Dataset section START

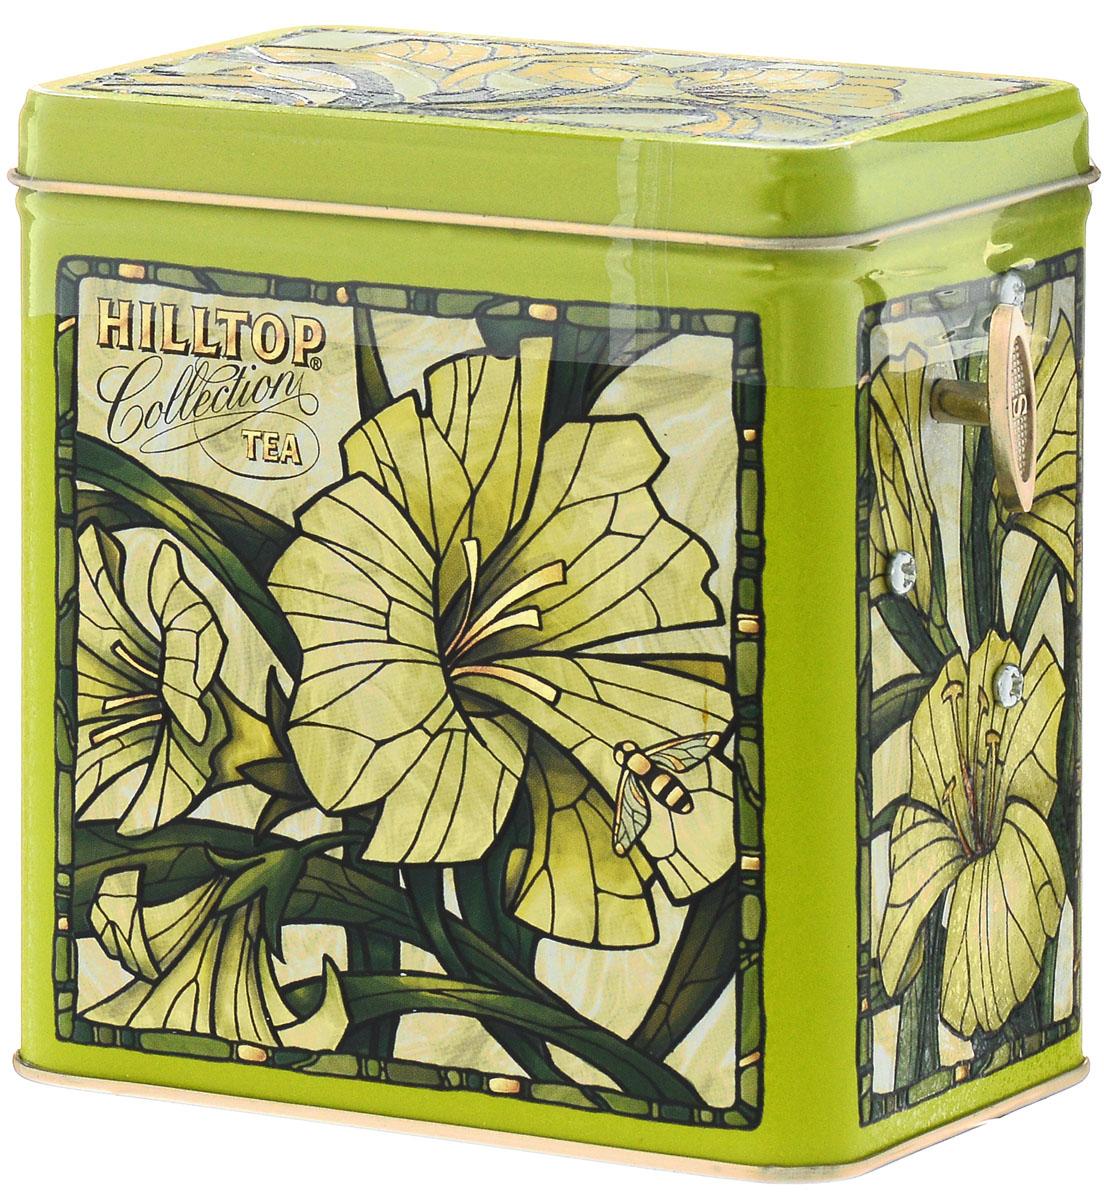 Hilltop Лилии Зеленая симфония набор зеленого листового чая в музыкальной шкатулке, 125 г4607099301047Hilltop Лилии Зеленая симфония - свежий зеленый китайский чай Сенча с лепестками календулы и мальвы. Оригинальная упаковка в виде музыкальной шкатулки будет великолепно смотреться на семейном застолье.Музыкальная шкатулка воспроизводит Колыбельную Брамса.
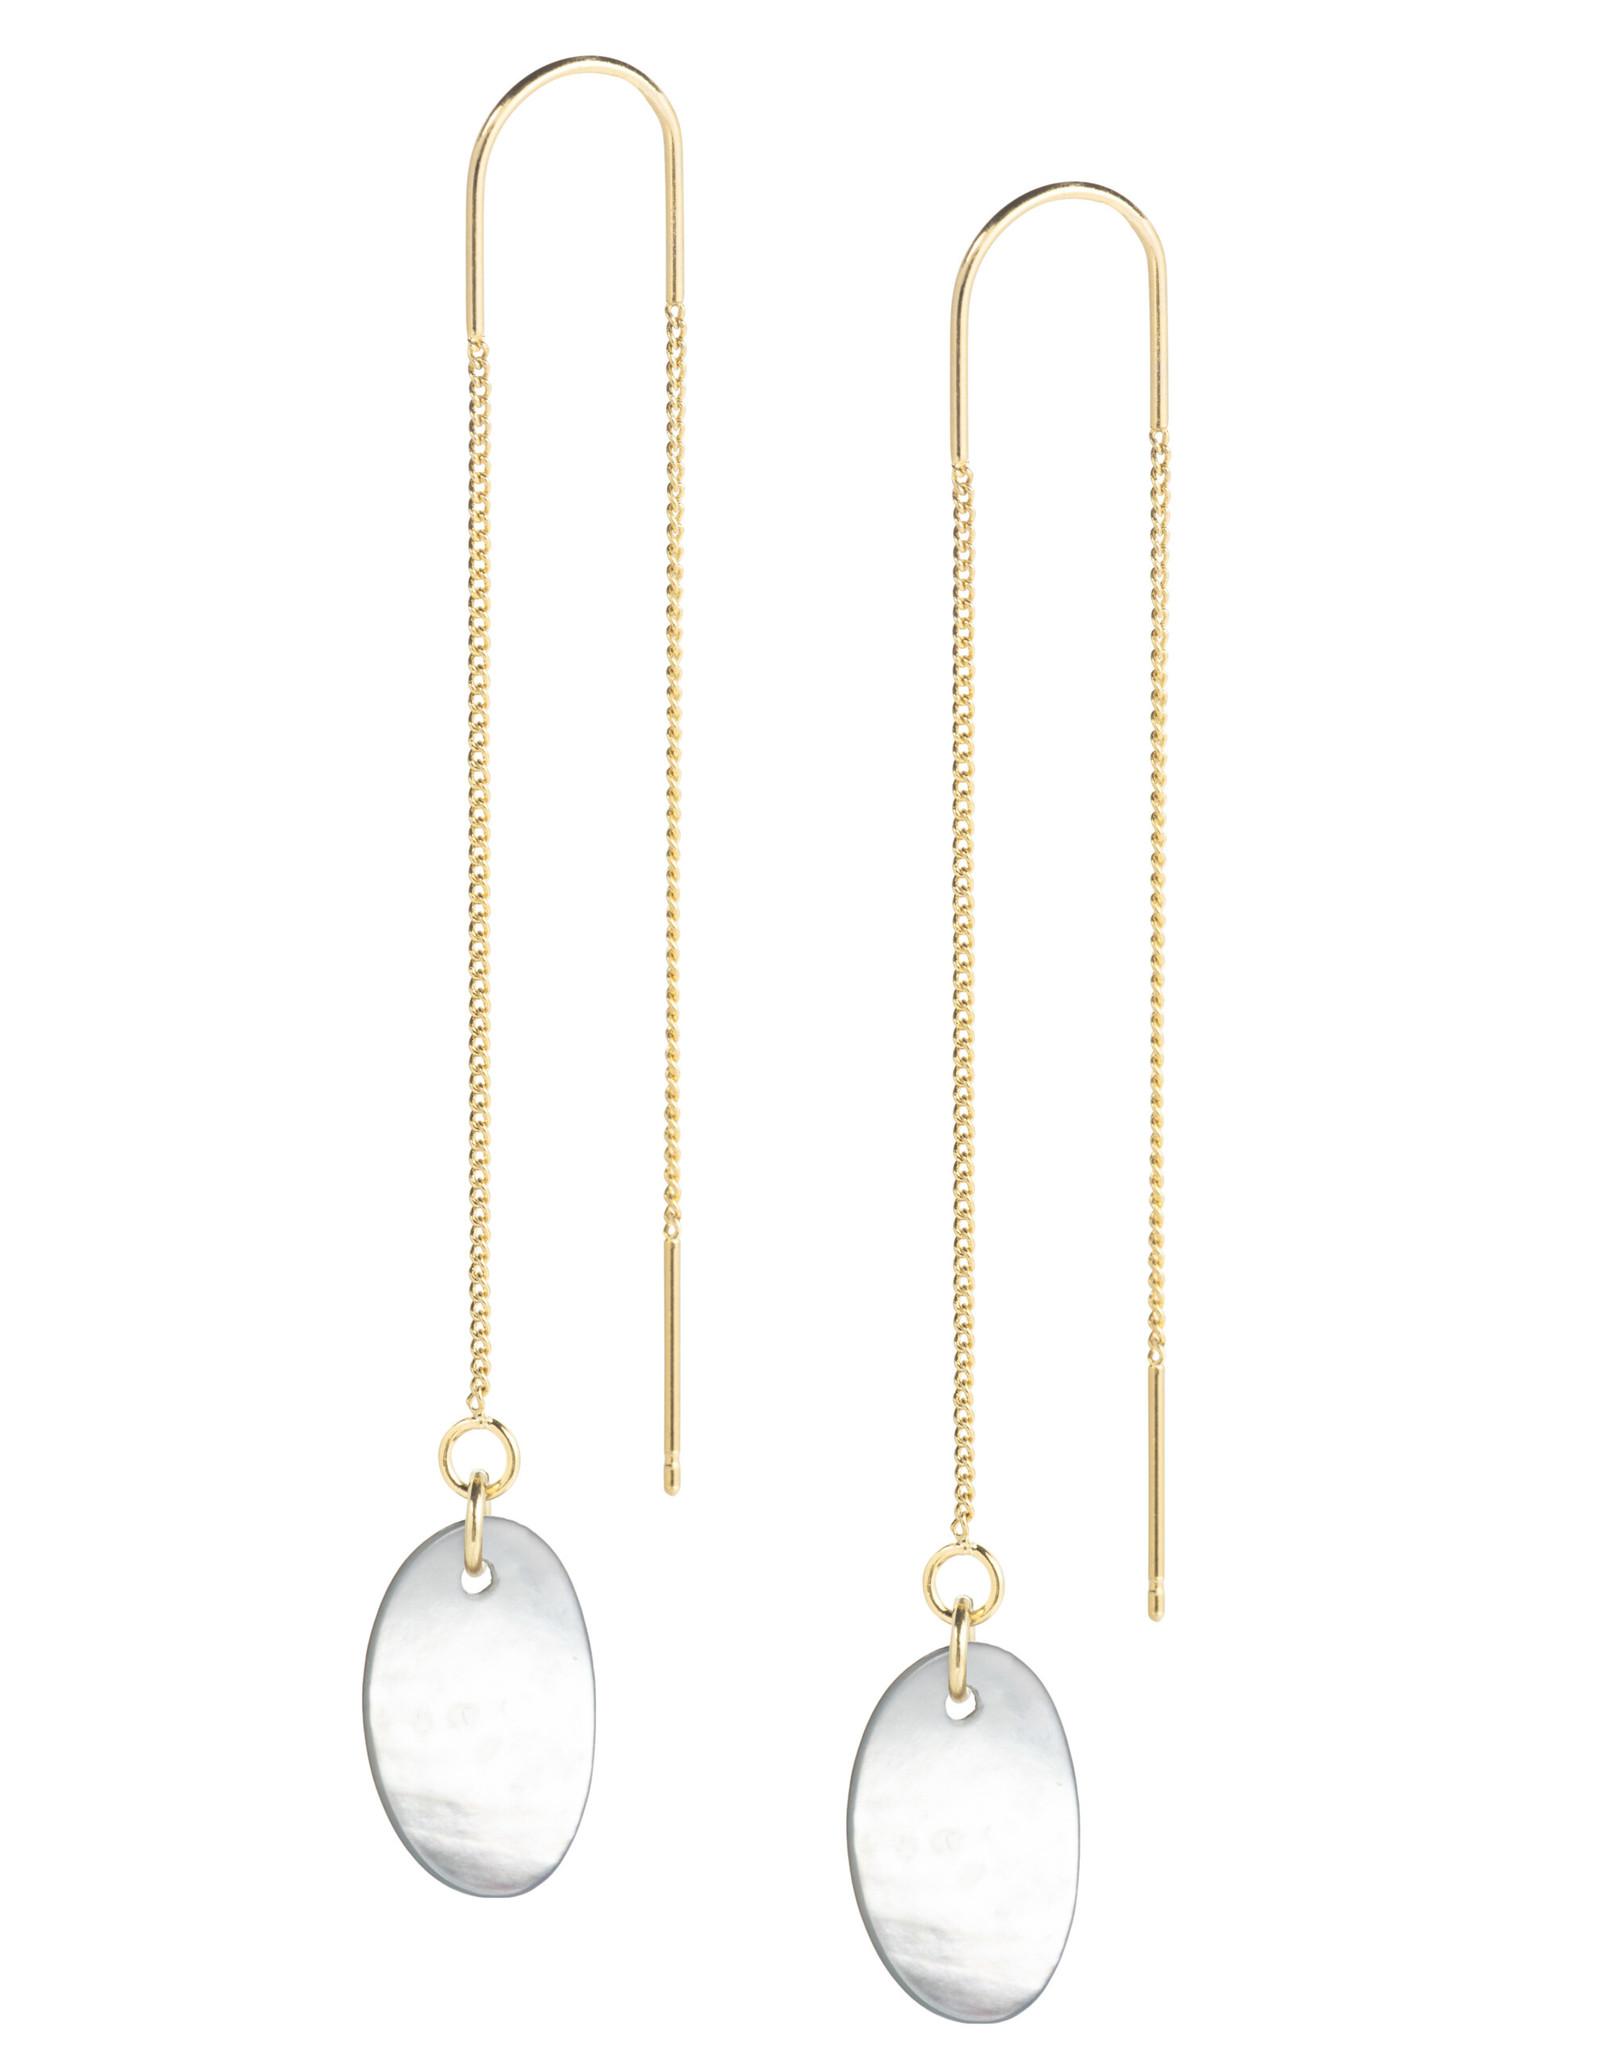 Earthreads organische hanger parelmoer wit
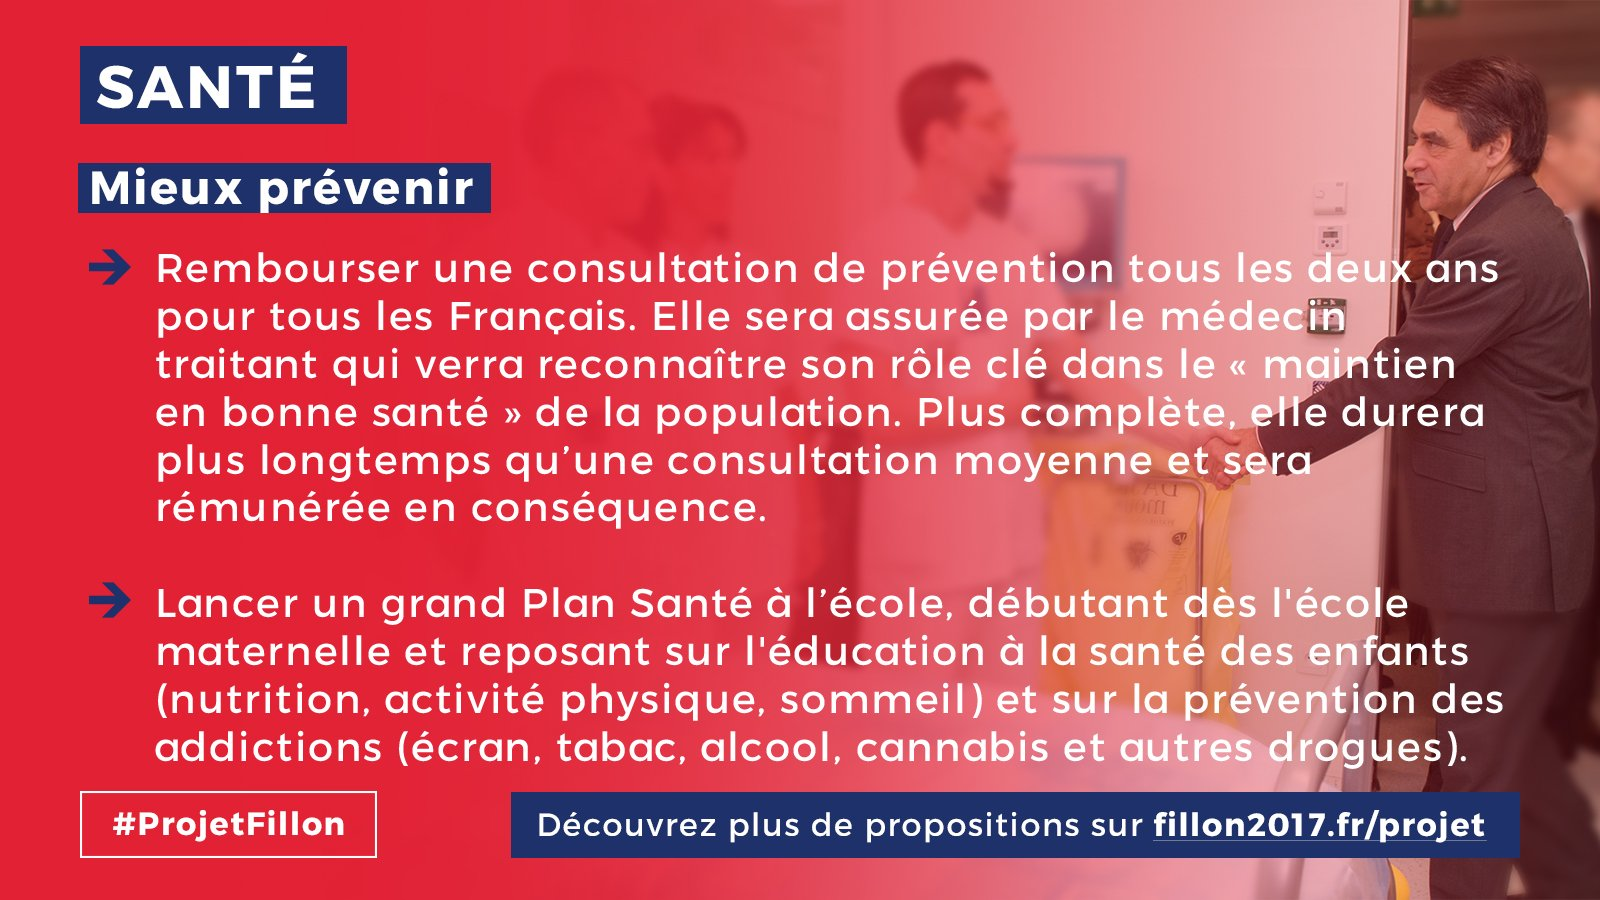 #Fillon2017 #FillonPresident #LeGrandDebat ... les propositions de @FrancoisFillon en matière de #santé https://t.co/PPRvZgougM

Dataset section END

_Description of the task_. Return only the lines from the one that contains "Earthreads organische hanger parelmoer wit" through the closing line of the data, inclusive, reproduced exactly and with every picture left out.

_Problem solution_.
 Earthreads organische hanger parelmoer wit
 #Fillon2017 #FillonPresident #LeGrandDebat ... les propositions de @FrancoisFillon en matière de #santé https://t.co/PPRvZgougM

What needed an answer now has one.